During the early weeks of the pandemic, I saw raw data used by people who seemed to want to minimize the seriousness of the pandemic, either by focusing on trying to characterize the mortality rates as being lower than projected or in other ways minimizing the potential impact of the pandemic. The point seemed to be to justify a public policy position that would have involved doing nothing and letting COVID-19 spread unchecked through our communities. We only get to run the experiment once in real-life scenarios like this one, so we very much know what happens when we respond as we did last year, because we live in that world. We don’t know what would have happened if we’d done absolutely nothing and we don’t know what would have happened if we locked things down more tightly. But now, here we sit, with 550,000+ fewer people alive in our country due to the pandemic. There is something very democratic about questioning experts, and it feels like this tendency is a cultural norm. What I struggle with is how we resolve disagreement about these points if quoting an expert doesn’t have more weight than the opinion of my random internet friend from the last paragraph. How do we end up doing anything other than talking over each other until one of us gets tired, gives up, and goes home? I’m not sure, and also tired. That appears to have gotten us into a ridiculous confirmation bias loop, where experts draw conclusions that are unpopular with some, so that group finds another person drawing different conclusions from the same data set, but in alignment with conclusions they prefer, then expect those conclusions to be given equal weight to the conclusions of experts. Regardless of personal beliefs regarding public policy decisions, one thing has become clear: it is the case that a small percentage of an enormous number still turns out to be a very large number. There are certainly cognitive biases at play. The lesson I take from the early pandemic data conversation is that people with zero expertise in epidemiology will not draw as effective conclusions from that raw data as people with expertise in epidemiology will. Both groups will draw mistaken conclusions, because science is able to adjust as it gets better information and draw better conclusions… but discounting the experts in favor of some random YouTube video with a different take is not an effective way to source data.

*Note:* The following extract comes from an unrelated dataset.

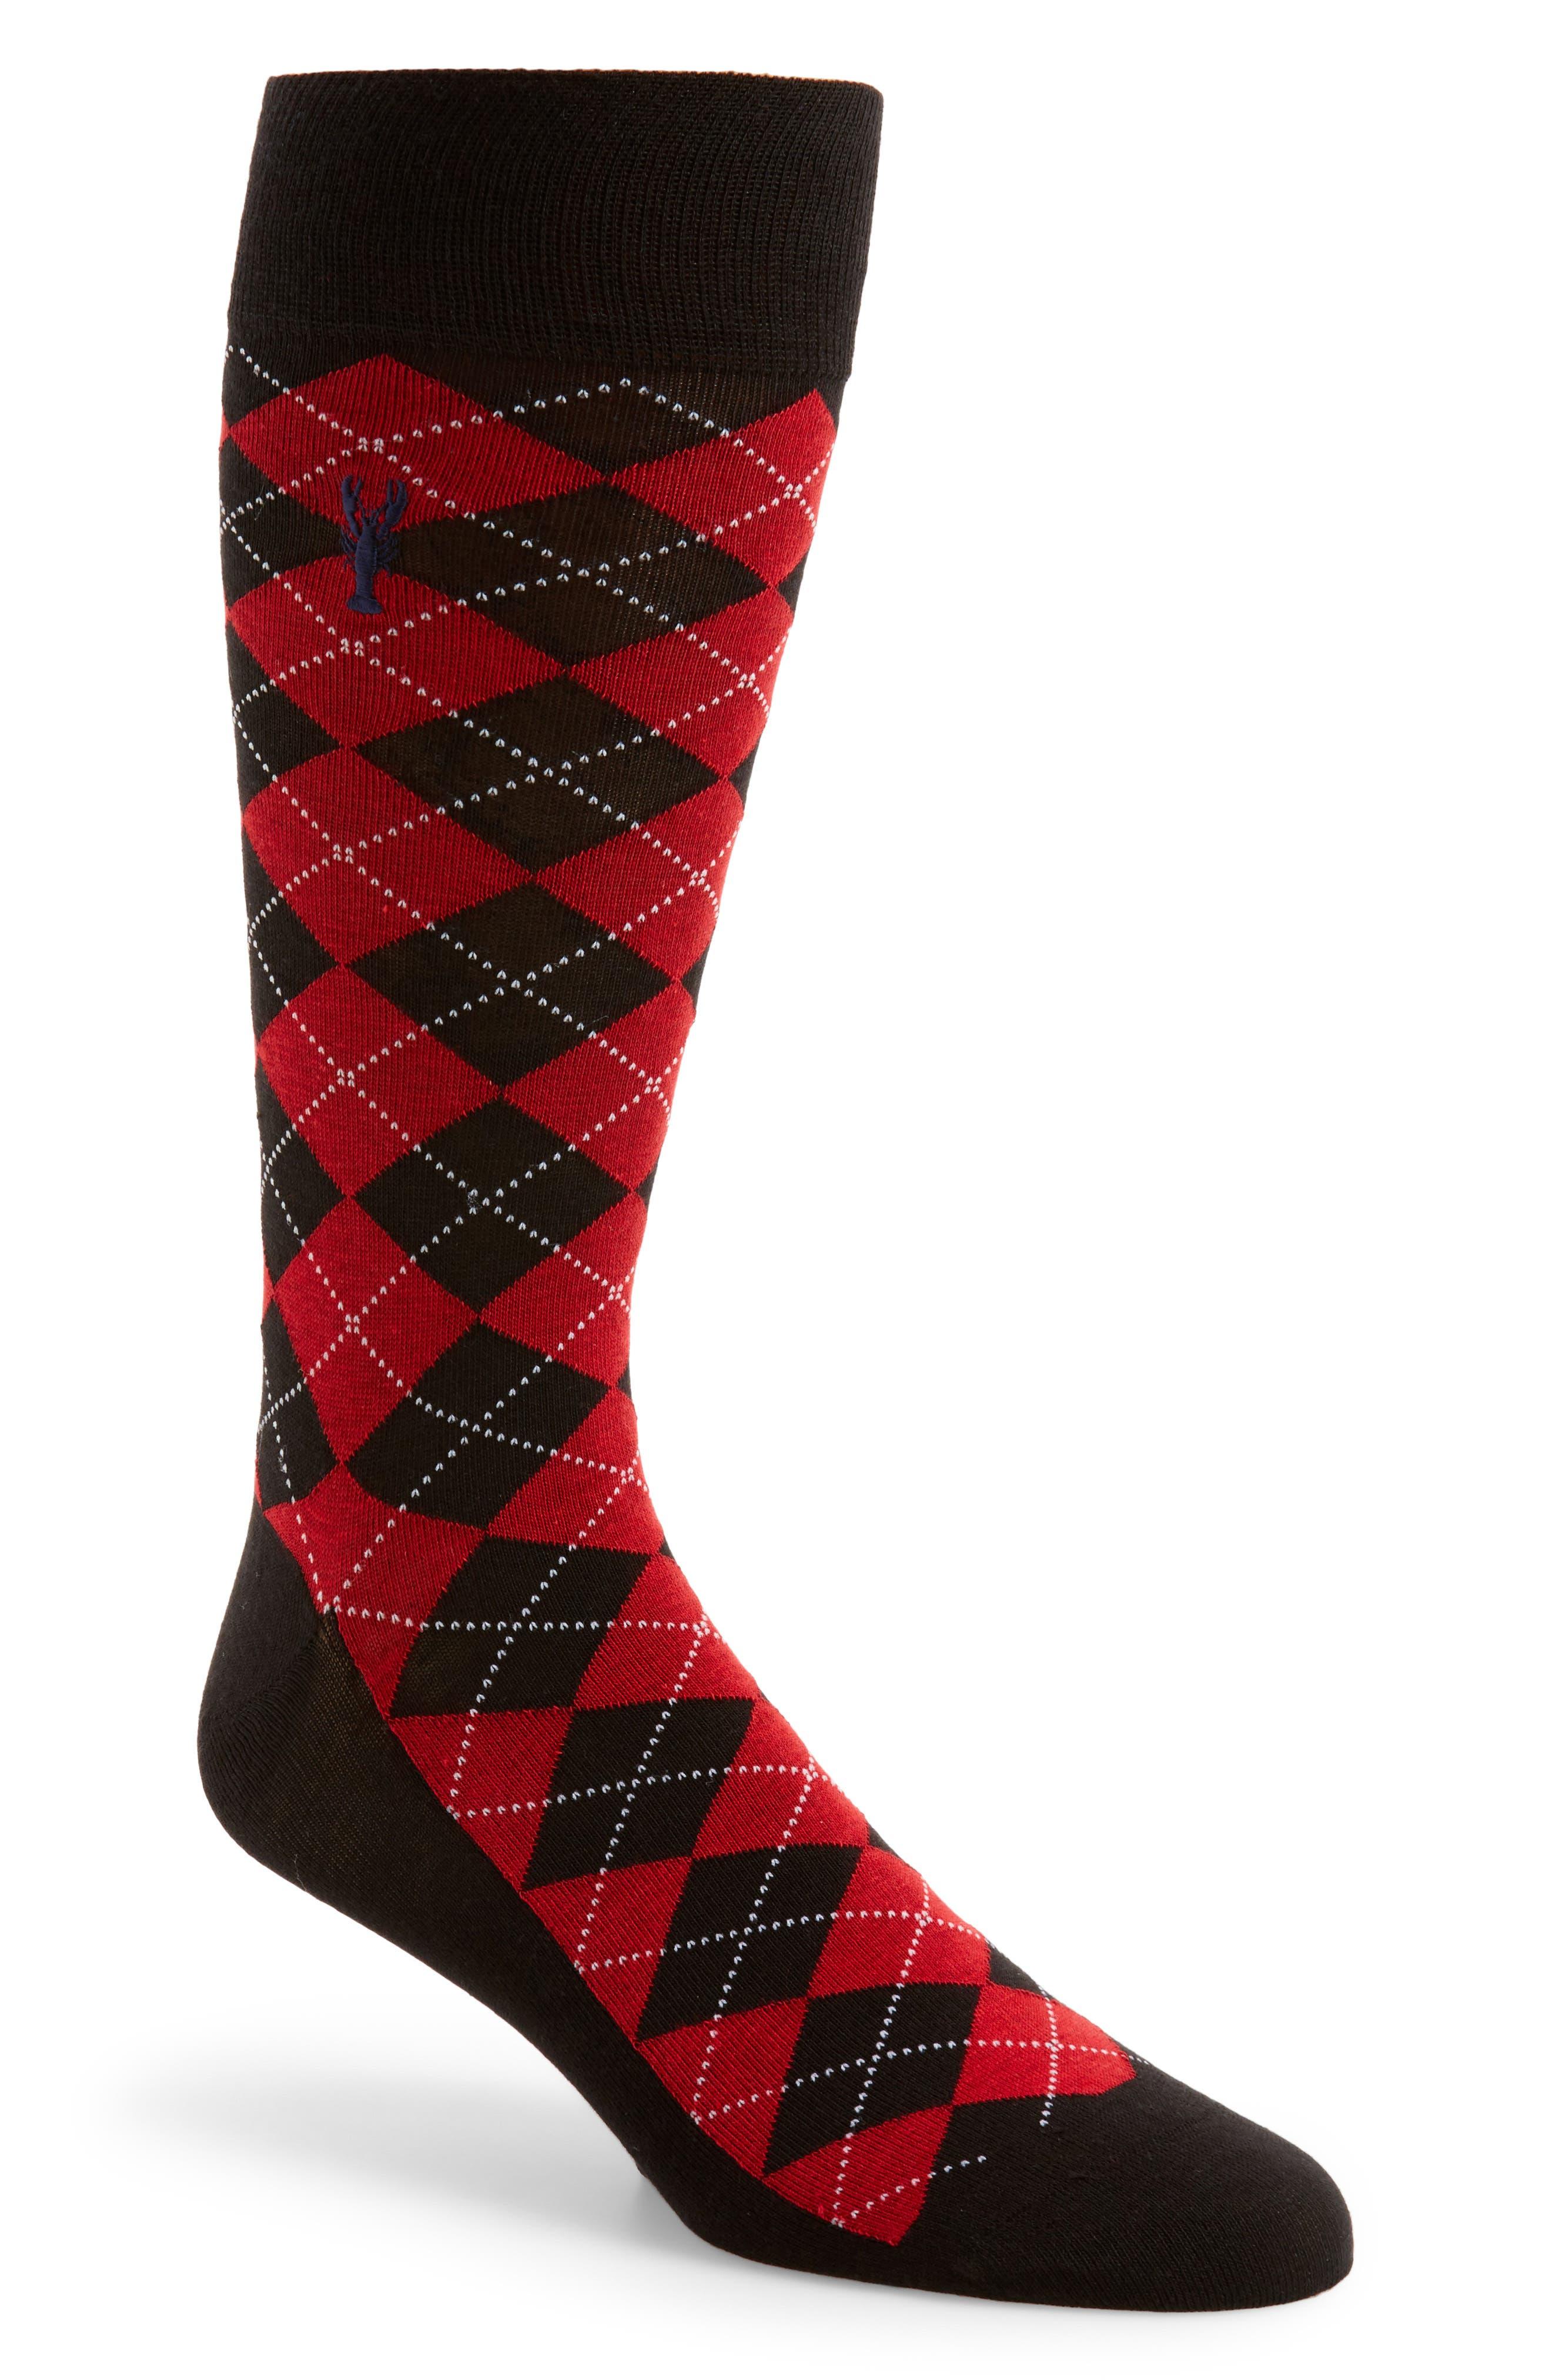 Pinch Argyle Socks,                             Main thumbnail 1, color,                             Black/ Red

If you aren’t sure where to start on tracking data back to its source or finding out what the correct number of, say, registered voters in the state of Wisconsin during the 2020 election, ask your local librarian. That’s our job… that’s what we are good at. We will get it for you and tell you where we found the number so that you can include it in your social media post. We hope it will go viral.

So: we’ve done where did the data come from?

I’ve got two more planned posts just on data:

Assessing infographics and graphs
What is being left out of what you are being shown, and does it matter?

Like I said at the outset, this could take a while. Thanks for continuing on this journey with me.

Yours in continued desire to crush mis/dis-information at its source: Kristin.